Recorded information:

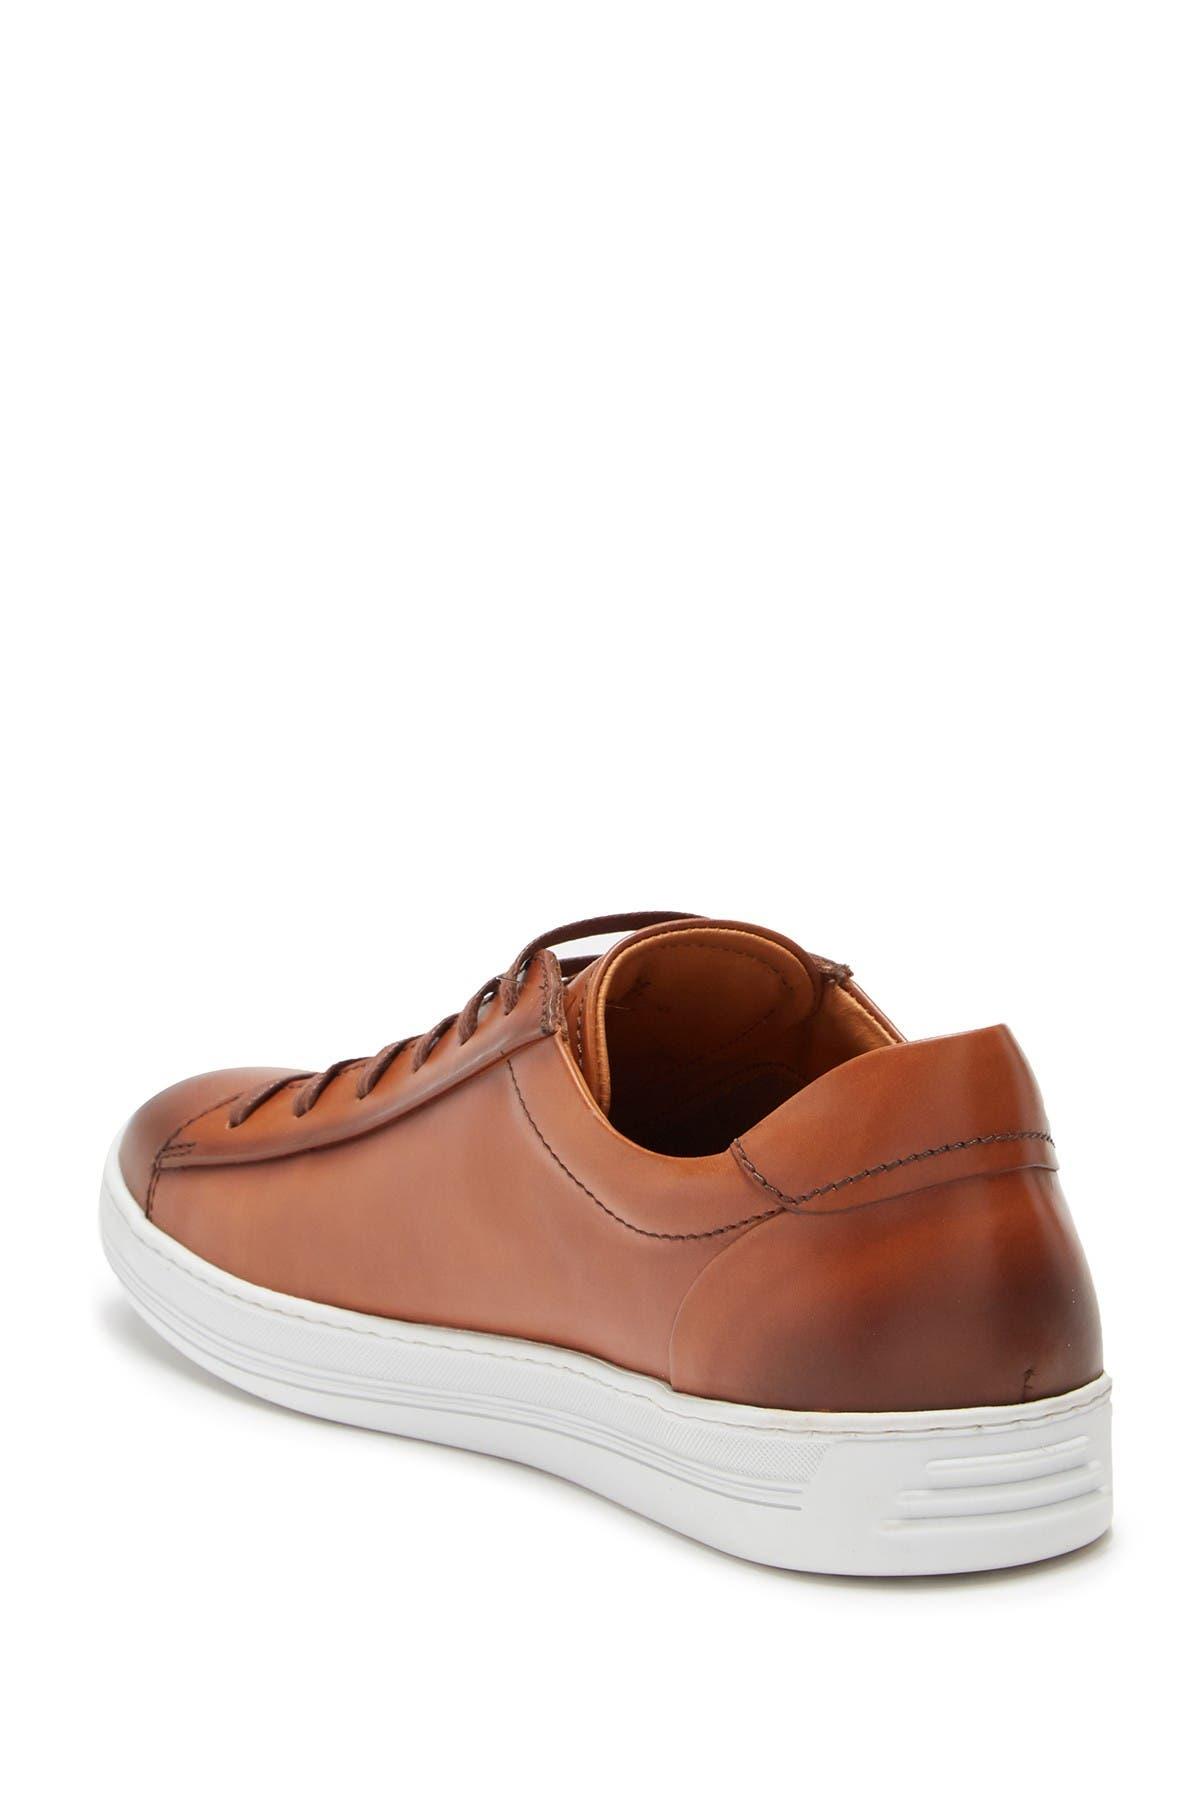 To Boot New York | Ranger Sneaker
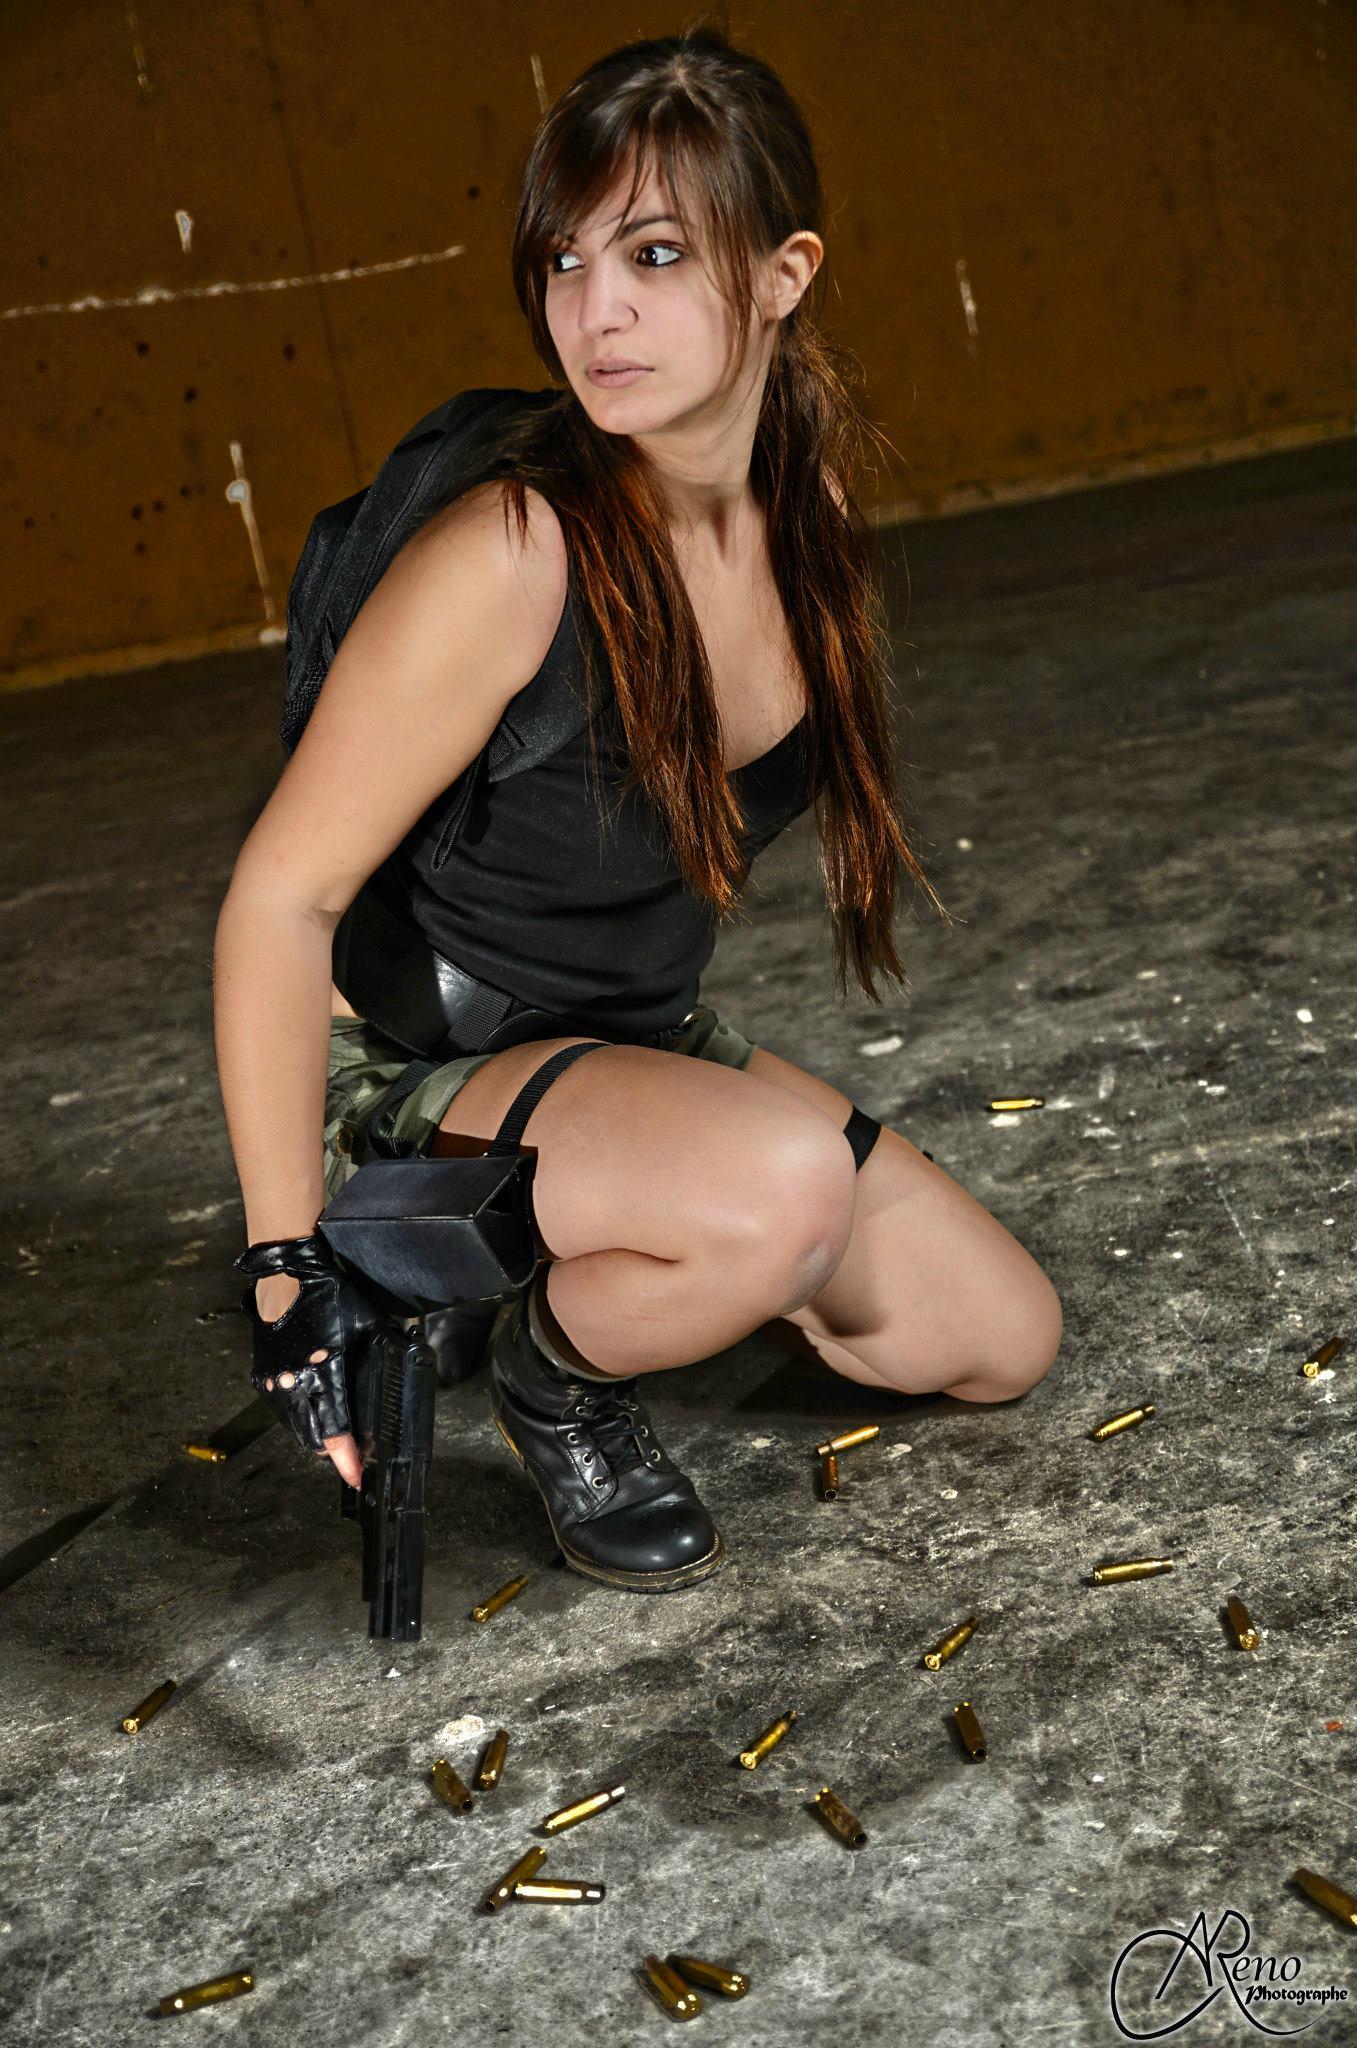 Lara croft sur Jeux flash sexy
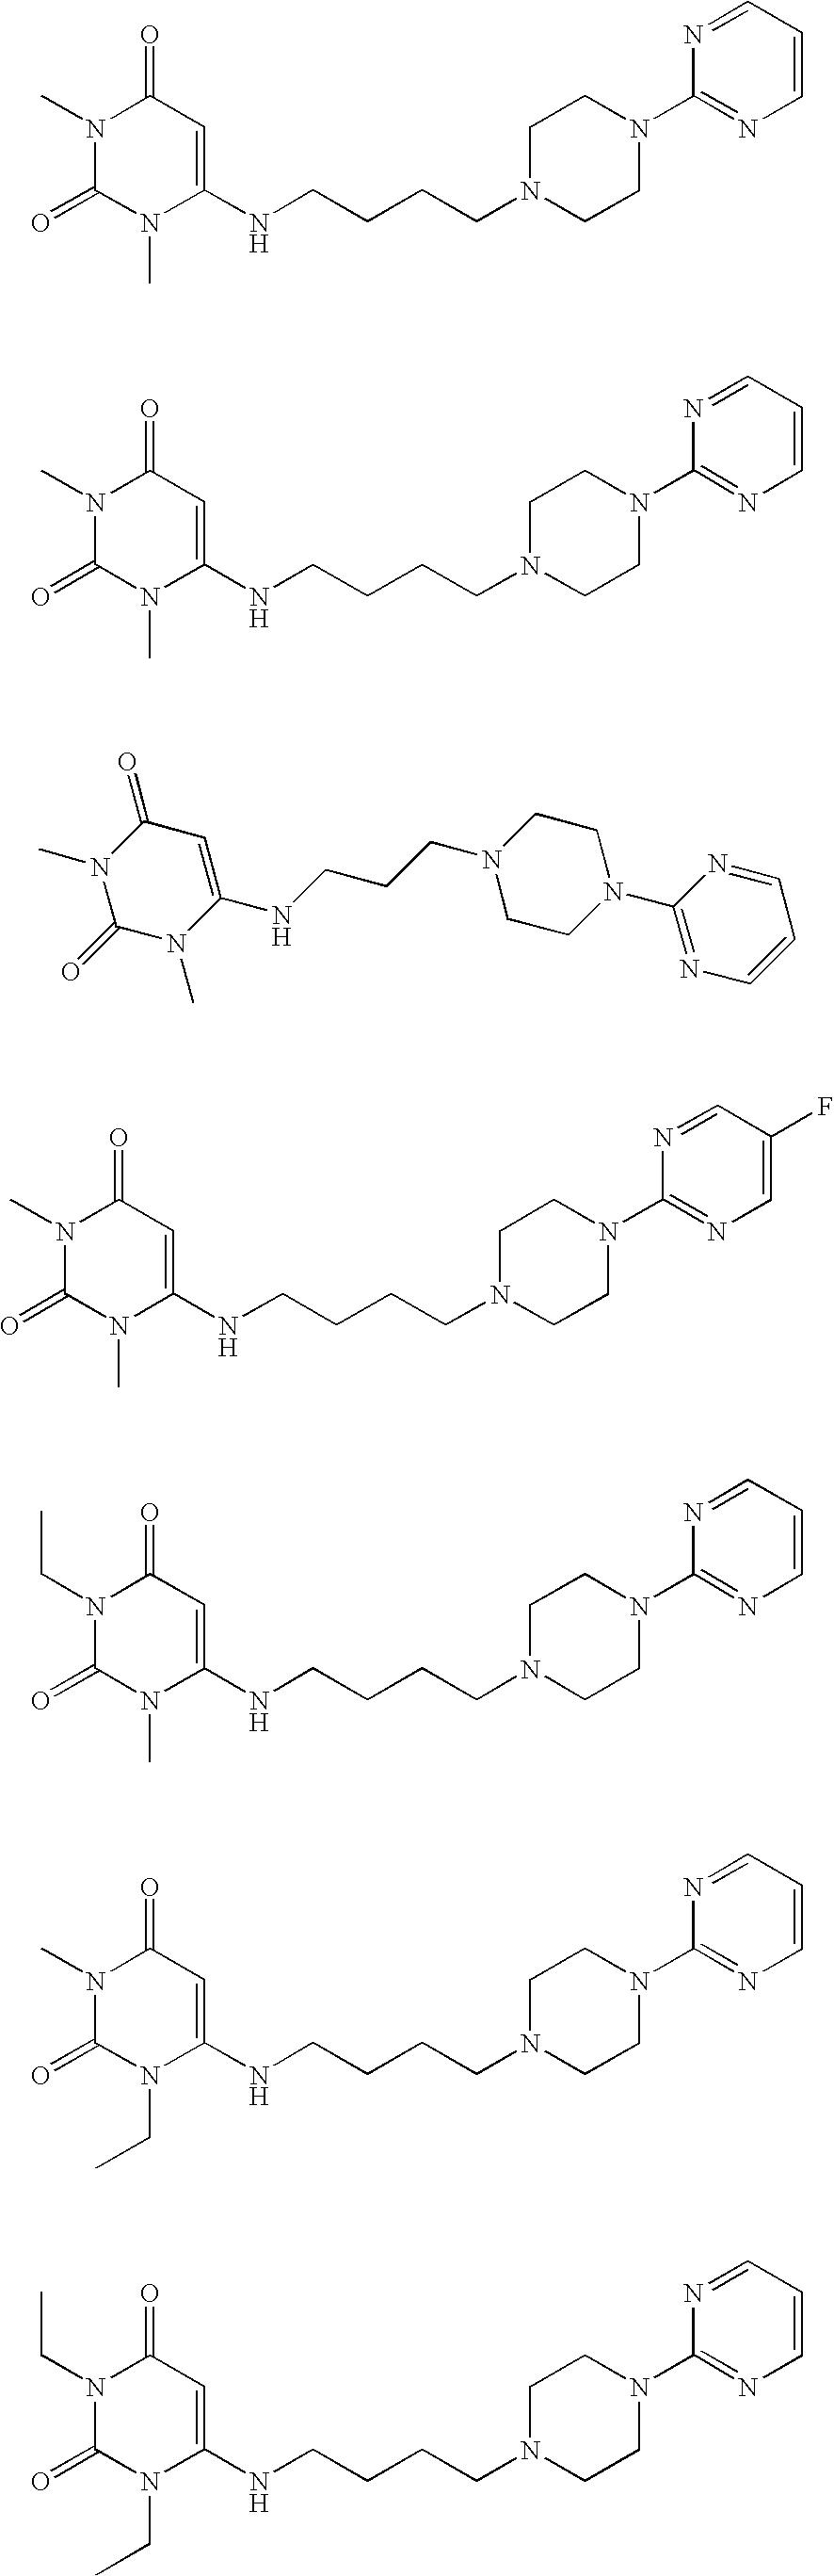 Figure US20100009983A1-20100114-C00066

Exercise prompt: A verbatim copy is needed of the lines running from the line with "Lara croft sur Jeux flash sexy" to the end of the data above, both included. Keep the pictures out of it.

Answer to the exercise:
 Lara croft sur Jeux flash sexy
 Figure US20100009983A1-20100114-C00066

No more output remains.